Третье преступление — больше всего угрожающее государству — заключалось, согласно представлениям того времени, в том, что Роллан в военной победе не хотел увидеть чудотворный эликсир морали, духовного подъема, справедливости, что уступчивый, некровавый мир, приводящий к полному примирению, братской связи между европейскими народами, казался ему благотворнее кровопролитной победы, которая снова бросила бы драконовский посев ненависти и новых войн. И вот во Франции — совершенно аналогично немецким выражениям «Flaumacher» и «Schmachfrieden»>78 — у партий, желавших вести войну до победного конца, было изобретено ругательное слово «dtfatiste», «пораженец», прилагаемое ко всякому, кто произносил благоразумное слово в пользу примирения. И Роллан, всю жизнь боровшийся за то, чтобы противопоставить грубому насилию высшее нравственное насилие, был заклеймен как отравитель военной морали, как «initiateur du ddfatisme» — «инициатор пораженчества». Милитаризм ощущал его как последнего представителя «умирающего ренанизма», как центр некоторой нравственной силы, и насильственно навязывал его идеям тот смысл, что француз здесь желает поражения Франции. Между тем он говорил недвусмысленно: «Я хочу, чтобы Францию любили, хочу, чтобы она побеждала, но не силой и не одним только правом (и это было бы слишком жестоко), а превосходством своего великодушного сердца. Я хотел бы, чтобы она была достаточно сильна для борьбы без ненависти и даже в тех, кого она вынуждена сразить, она видела бы своих заблуждающихся братьев, к которым, как только они обезврежены, необходимо проявить милосердие».
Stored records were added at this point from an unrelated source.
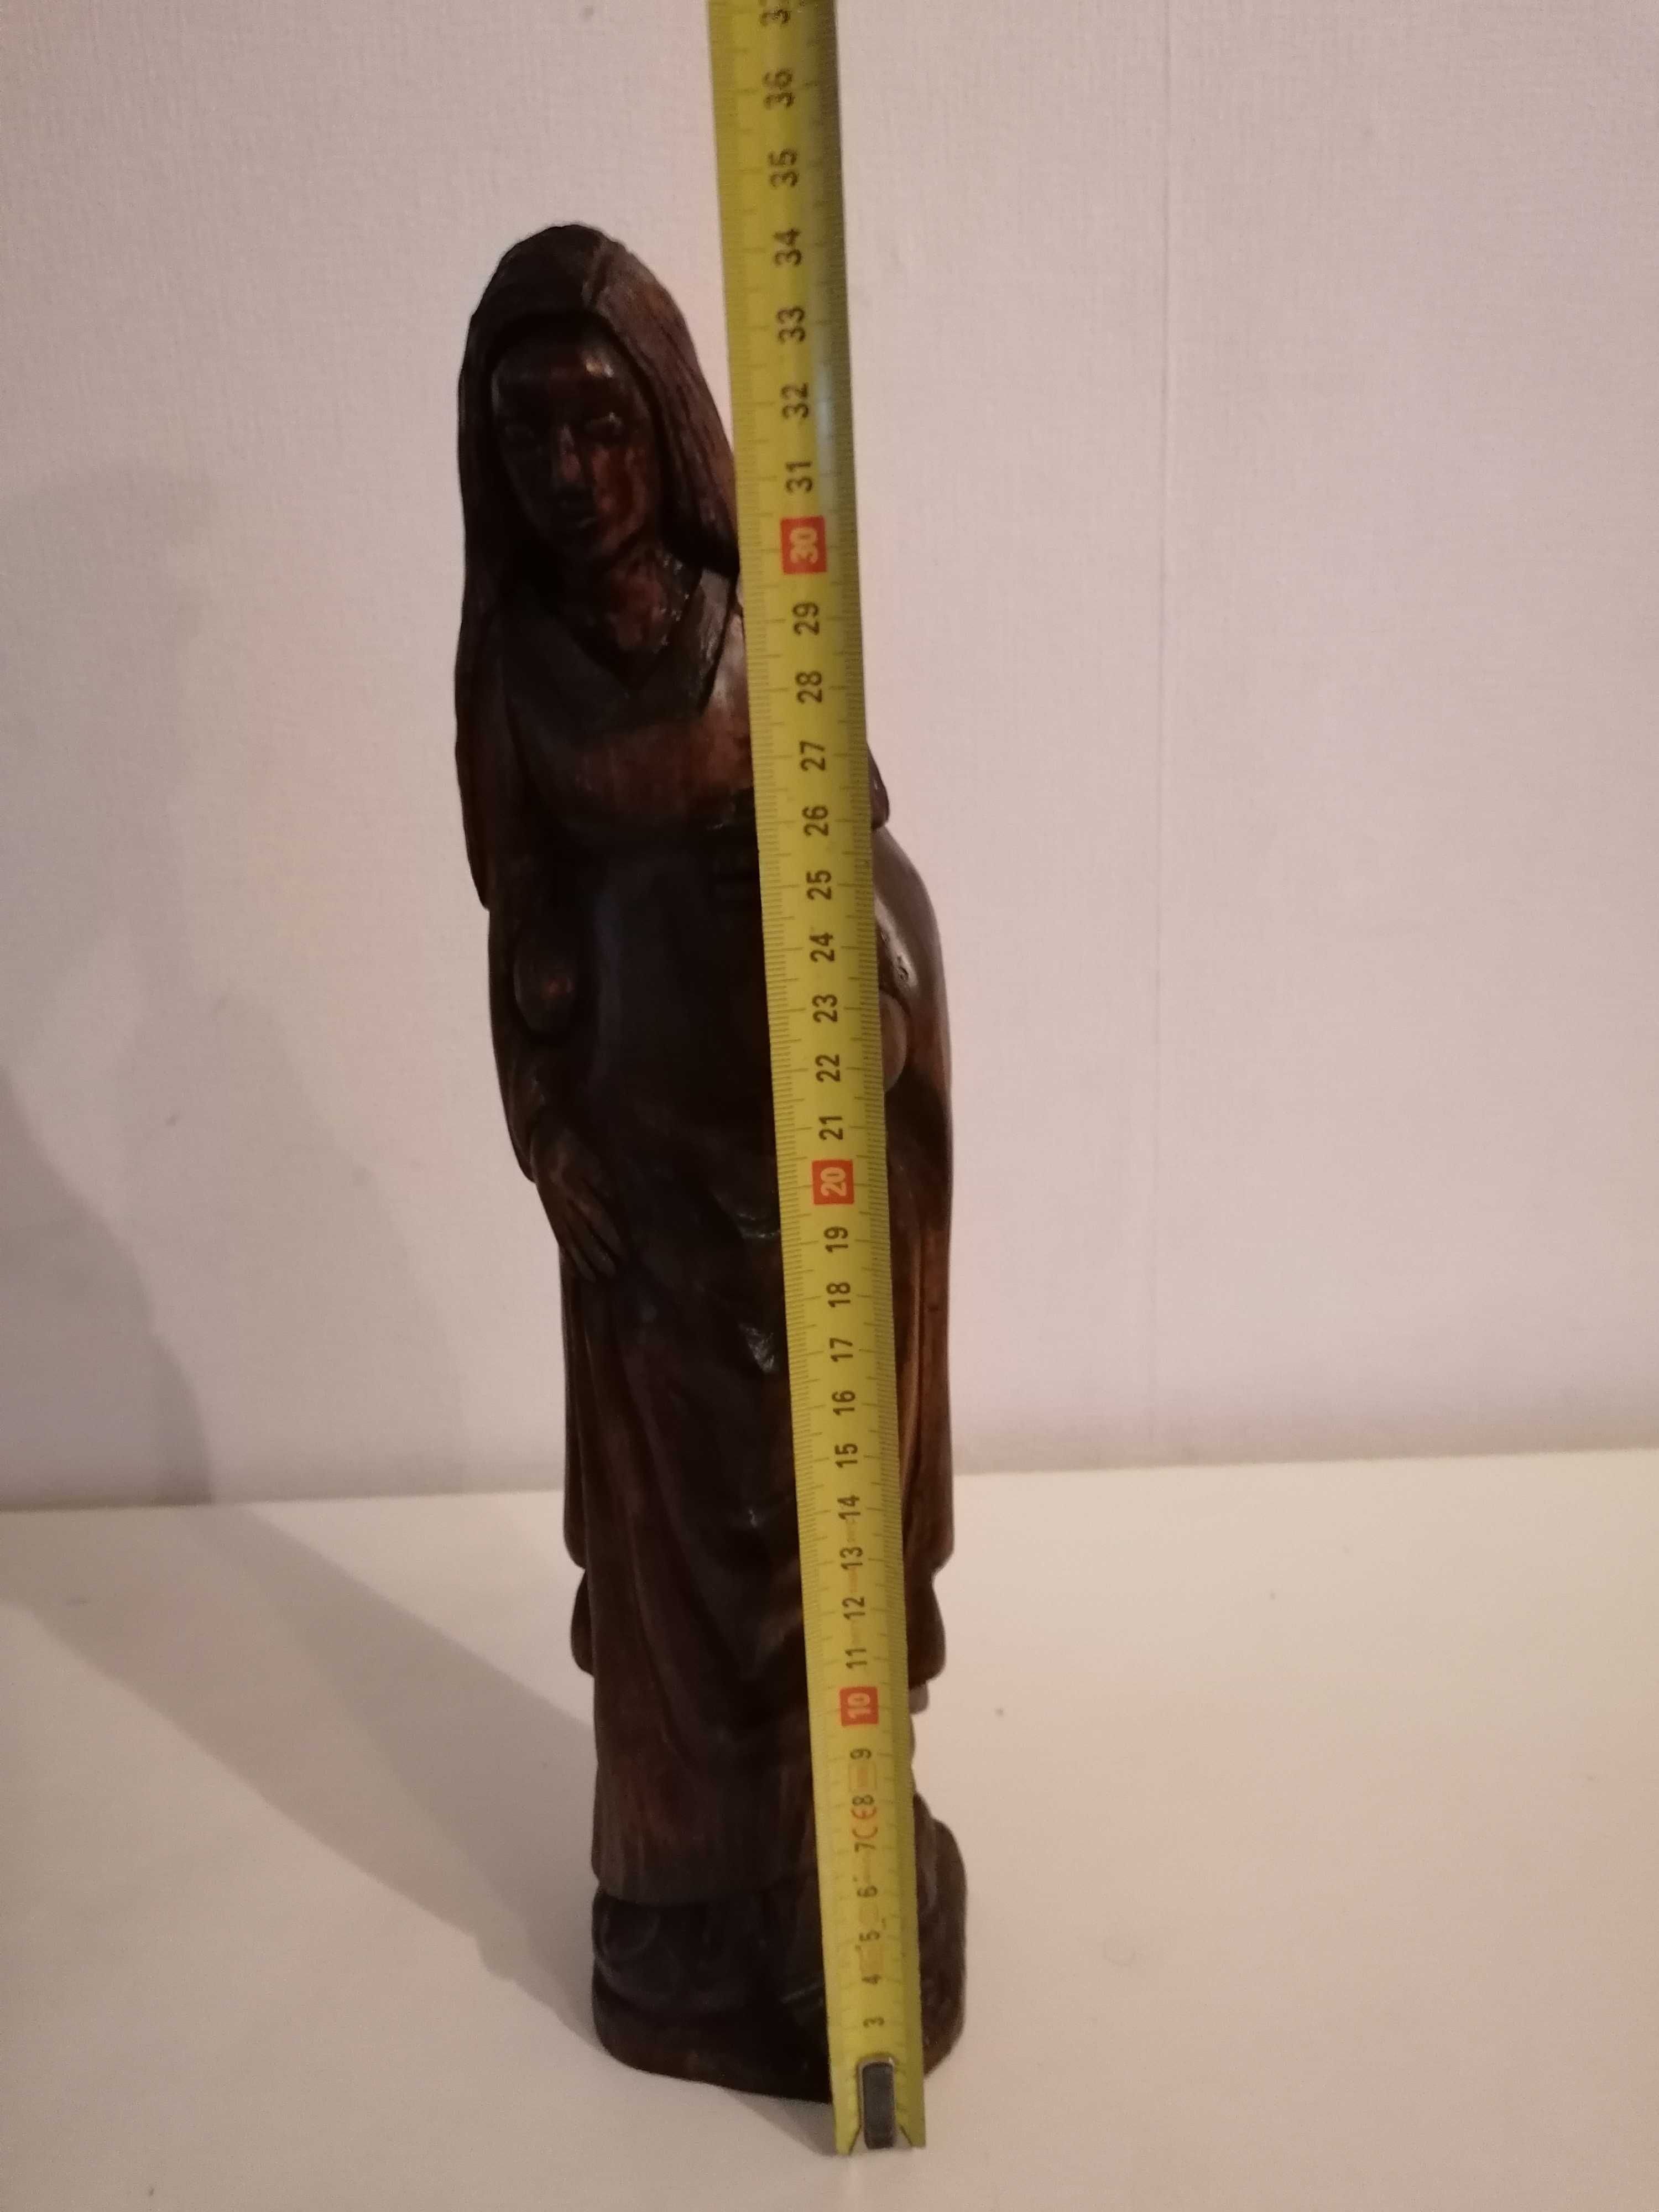 Stara oryginalna ręcznie wykonana drewniana figurka Matki Boskiej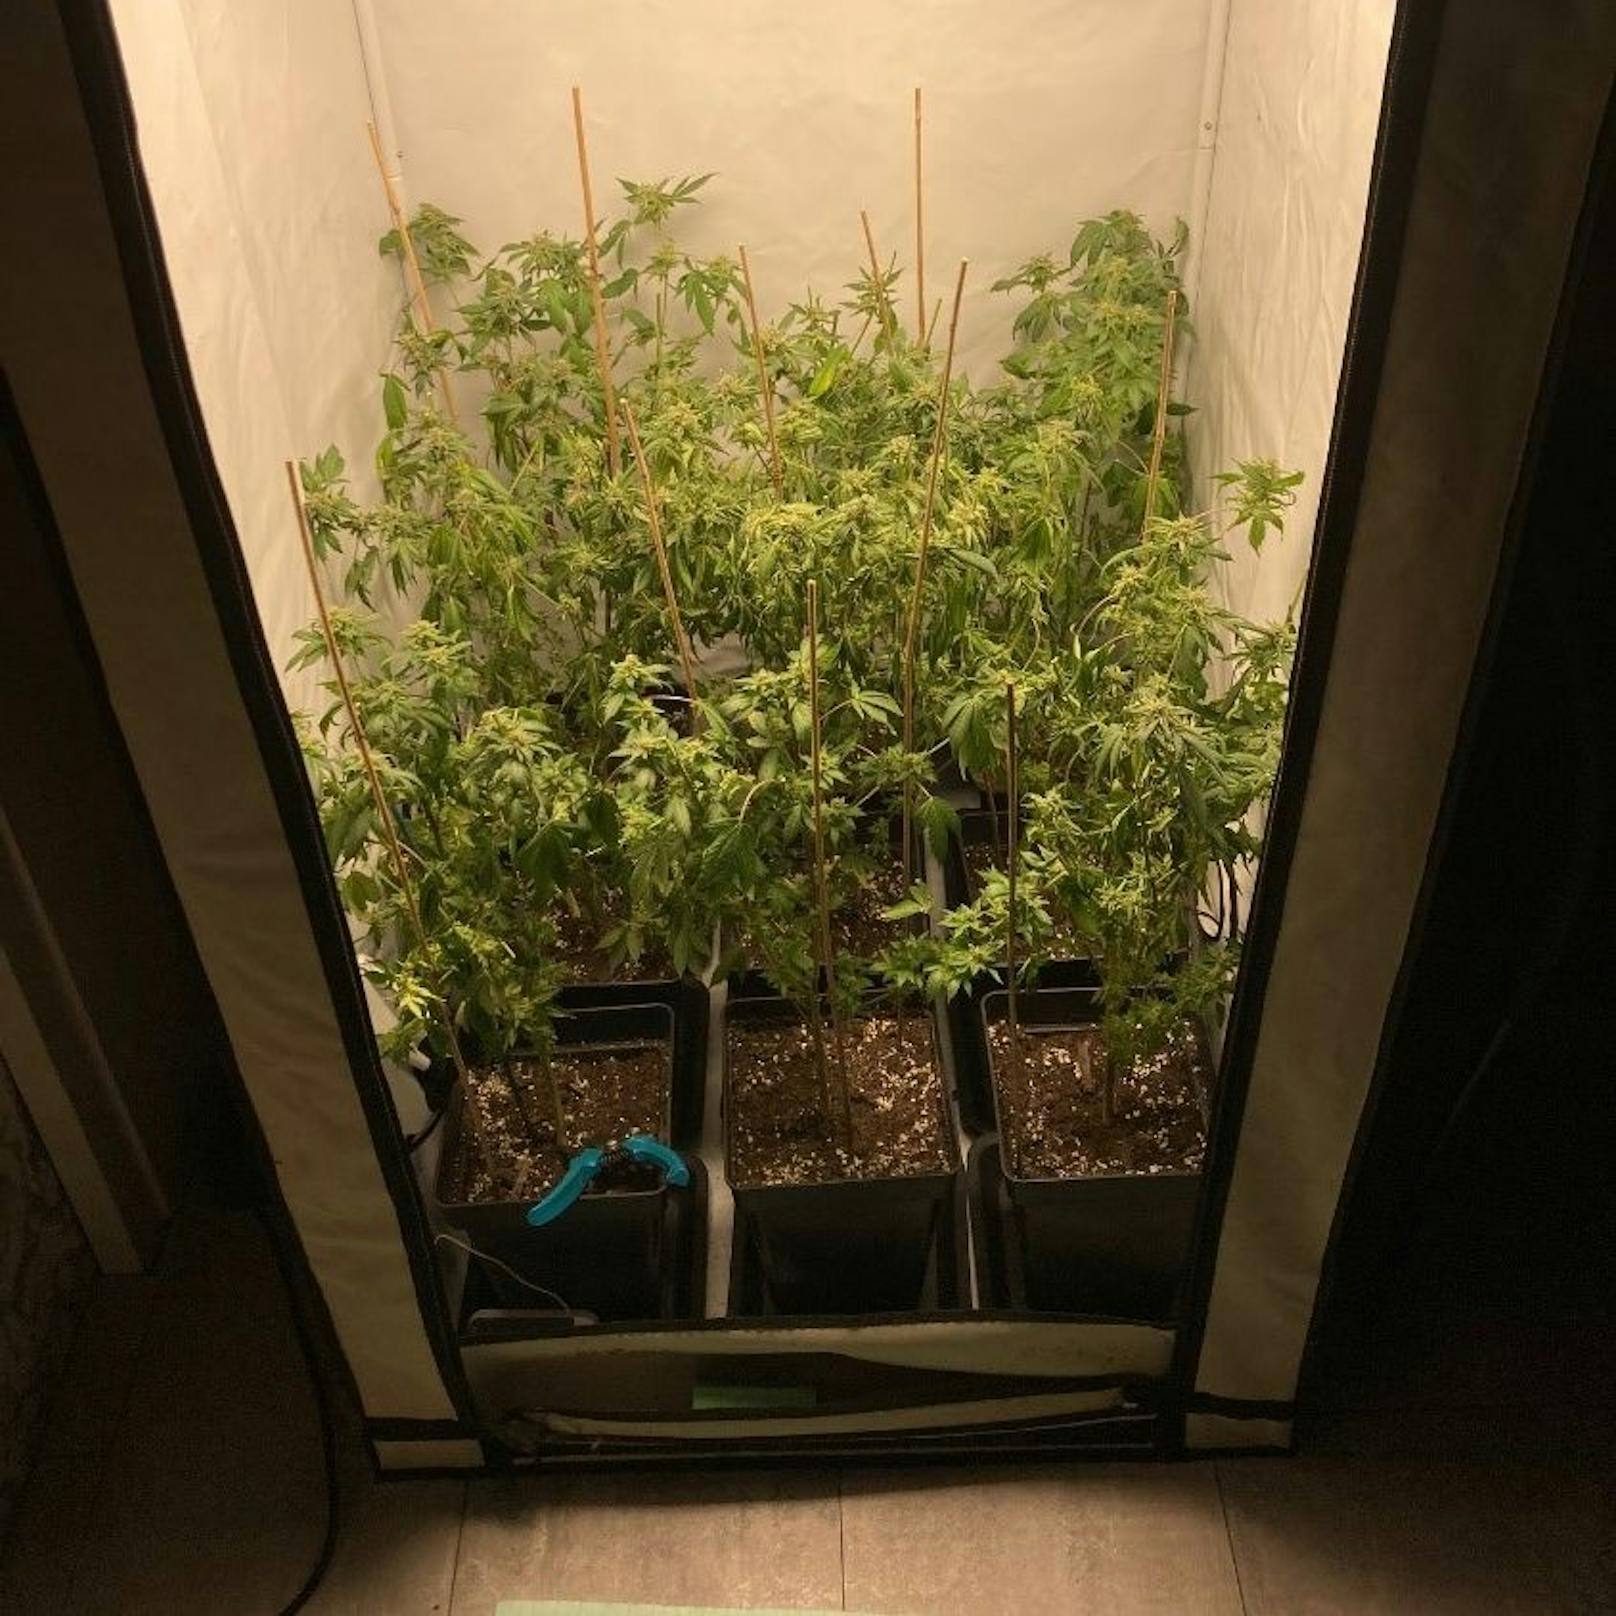 Diese Cannabispflanzen wurden sichergestellt.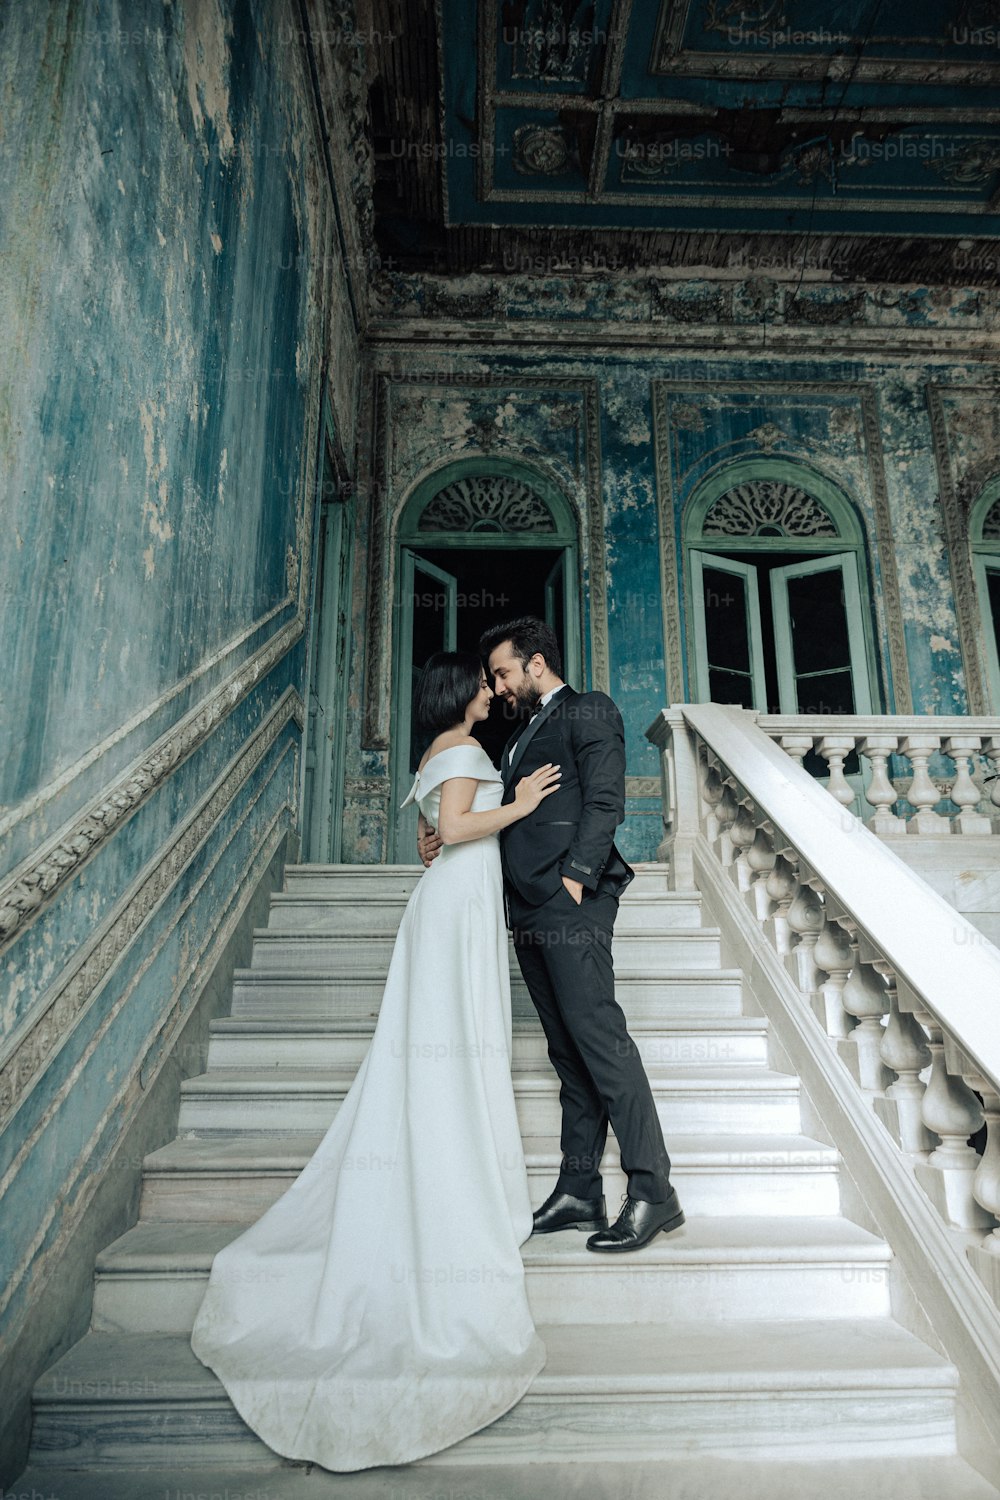 Una novia y un novio besándose en los escalones de un edificio

Даже на самые клеветнические нападения не отвечал Роллан. Спокойно дает он себя поносить и позорить, он знает, что та мысль, вестником которой он себя чувствует, неуязвима и нерушима. Он никогда не боролся с людьми, а только с идеями. И враждебным идеям давно ответили его собственные образы: Оливье, свободный француз, ненавидевший лишь ненависть, жирондист Фабер, ставивший свою совесть выше патриотических аргументов, Адам Люкс, сердобольно вопрошавший своего противника-фанатика: «N’es tu pas fatigul de la haine?» — «Неужели ты не устал от своей ненависти?», Телье, — все те великие образы, в которых его совесть за два десятилетия предвосхитила борьбу эпохи. Его не смущает то, что он выступает один против почти всей нации, он знает слова Шамфора: «Бывают эпохи, когда общественное мнение — самое скверное из всех мнений». И именно неумеренный гнев, истерическая, с пеной у рта вопящая ярость противников укрепляет его уверенность, ибо в этом призыве к насилию ему слышится внутренняя неуверенность в своих аргументах. Улыбаясь смотрит он на их искусственно разжигаемый гнев и вместе со своим Клерамбо спрашивает: «Ваш путь, говорите вы, наилучший, единственно хороший? Так идите им и позвольте мне держаться своего. Я вас не принуждаю следовать за мной, я только показываю, куда я иду. Что же вас так волнует? Быть может, вы боитесь, что я прав?»